US urges over 150 world leaders not to come to UN over COVID
UNITED NATIONS (AP) — The United States is urging the more than 150 countries planning to send their leader or a government minister to New York to speak in person at the U.N. General Assembly next month to consider giving a video address instead to prevent the annual high-level week from becoming “a super-spreader event.”
A note from the U.S. Mission sent to the 192 other U.N. member nations also called for all other U.N.-hosted meetings and side events to be virtual, saying these parallel meetings that draw travelers to New York “needlessly increase risk to our community, New Yorkers and the other travelers.”
The U.S. note, obtained Wednesday by The Associated Press, said the Biden administration is particularly concerned about Secretary-General Antonio Guterres and the incoming General Assembly President Abdulla Shahid hosting high-level in-person events on climate change, vaccines, the 20th anniversary of the U.N. World Conference Against Racism, food systems and energy.
“The United States is willing to make every effort to make these important events on shared priorities successful in a virtual format,” the note said.
The U.N. decided in late July to let world leaders attend their annual gathering, known as the General Debate, from Sept. 21-27 in person — or to deliver prerecorded speeches if COVID-19 restrictions prevent them from traveling.
A provisional list of speakers obtained by AP has 127 heads of state and government planning to attend in person including U.S. President Joe Biden, France’s Emmanuel Macron, Turkey’s Recep Tayyip Erdogan and Venezuela’s Nicolas Maduro, as well as prime ministers Boris Johnson of Britain, Israel’s Naftali Bennett and Narendra Modi of India, and 26 other government ministers, including Russian Foreign Minister Sergey Lavrov and China’s Deputy Premier Han Zheng.
Among the 38 leaders planning prerecorded statements are the presidents of Iran, Egypt and Indonesia. The list has Afghanistan’s president, Ashraf Ghani, coming to New York, but it is dated Aug. 13 — just before his government was ousted by the Taliban and he fled the country.
The United States said it feels “strongly that the General Debate should be the only event held with in-person participation during high-level week.”
“In light of current health concerns, heads of delegation should consider delivering their statements to the U.N. General Assembly’s General Debate by video,” it said. “If delegations choose to travel to New York for the General Debate, the United States requests delegations bring the minimum number of travelers necessary.”
The United States said the COVID-19 pandemic “continues to pose a significant health risk around the world,” with the virulence of the delta variant affecting both vaccinated and unvaccinated people and hospitalizations increasing significantly in the United States.
“All counties in New York City are currently rated as having the highest level of community transmission,” the U.S. note said.
For people coming to U.N. headquarters, it said the U.S. Centers for Disease Control and Prevention has recommended mandatory mask wearing at all times, six feet of social distancing, fixed seating, confirmed negative COVID-19 status to enter the building, “and if possible vaccination.” Contact tracing for U.N. meetings will also be needed, it said.

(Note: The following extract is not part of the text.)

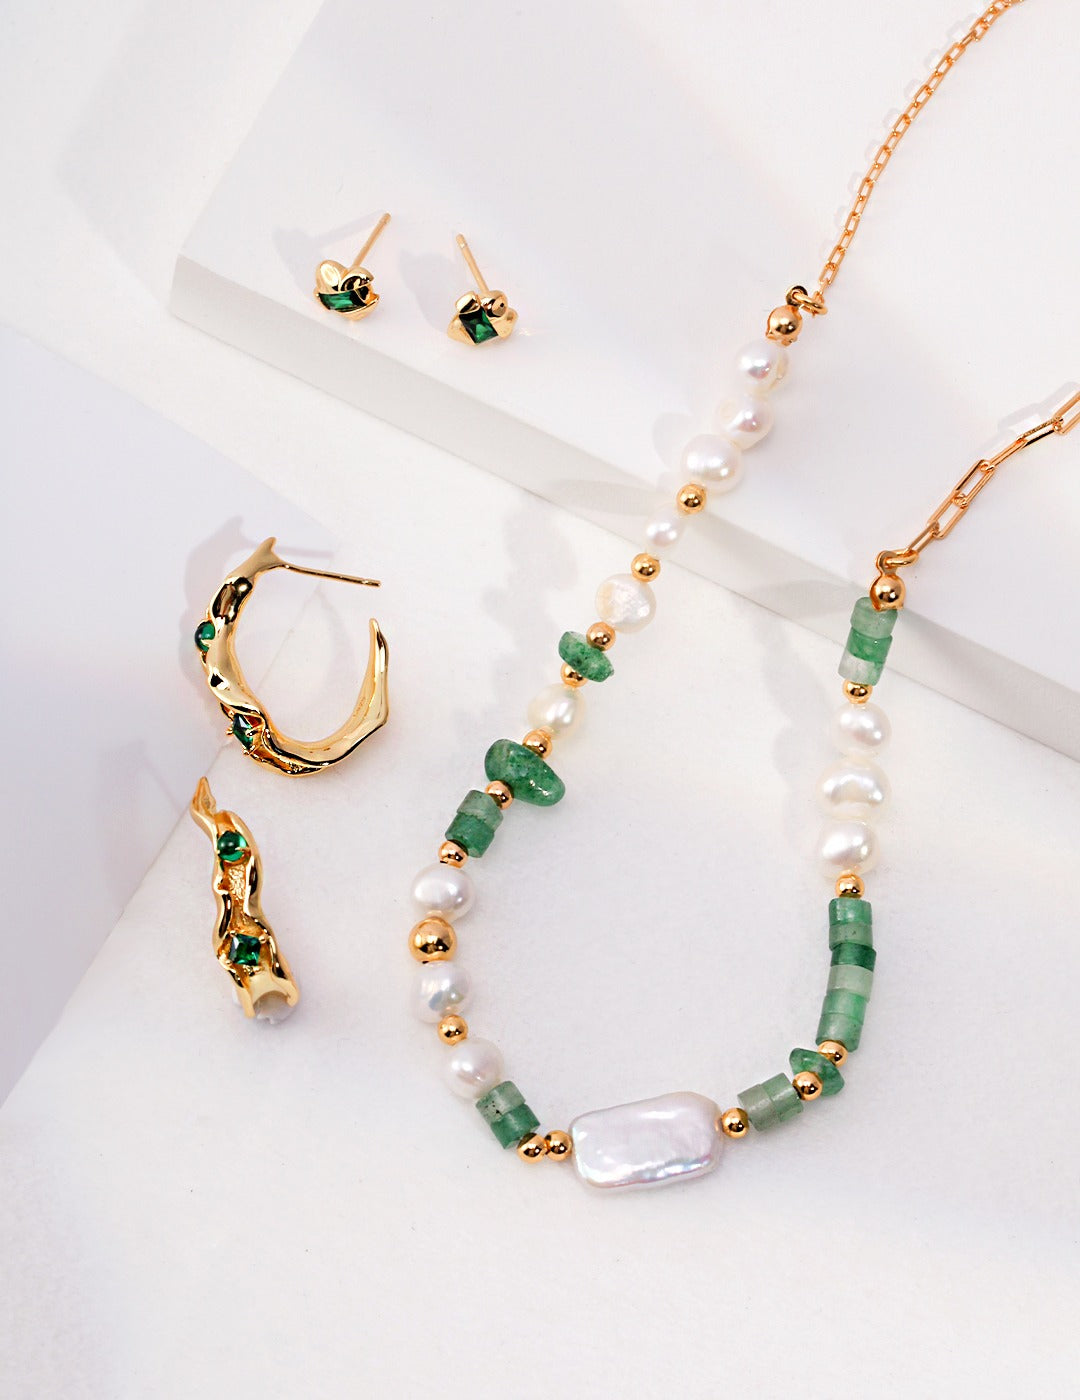 Vintage Elegance: Silver Pearl Necklace with Dongling Jade and Green Strawberry Crystal Chips

U.N. spokesman Stephane Dujarric said late Wednesday that the U.N. already put in place a number of measures to deal with the delta variant, including mandatory mask-wearing at U.N. headquarters and reporting of vaccination status and positive COVID-19 tests. It also has mandatory vaccination requirements for some personnel, including those servicing intergovernmental meetings prior to the high-level week, he said.
Dujarric said no in-person side events will take place in the U.N. complex during high-level week, but he made no mention of the high-level events on climate change, food systems, racism and other issues.
“We are obviously in continuous discussion with member states, who will have to make decisions, and the host country,” Dujarric said. “The secretary-general will continue to focus on keeping everyone in the U.N. community safe.”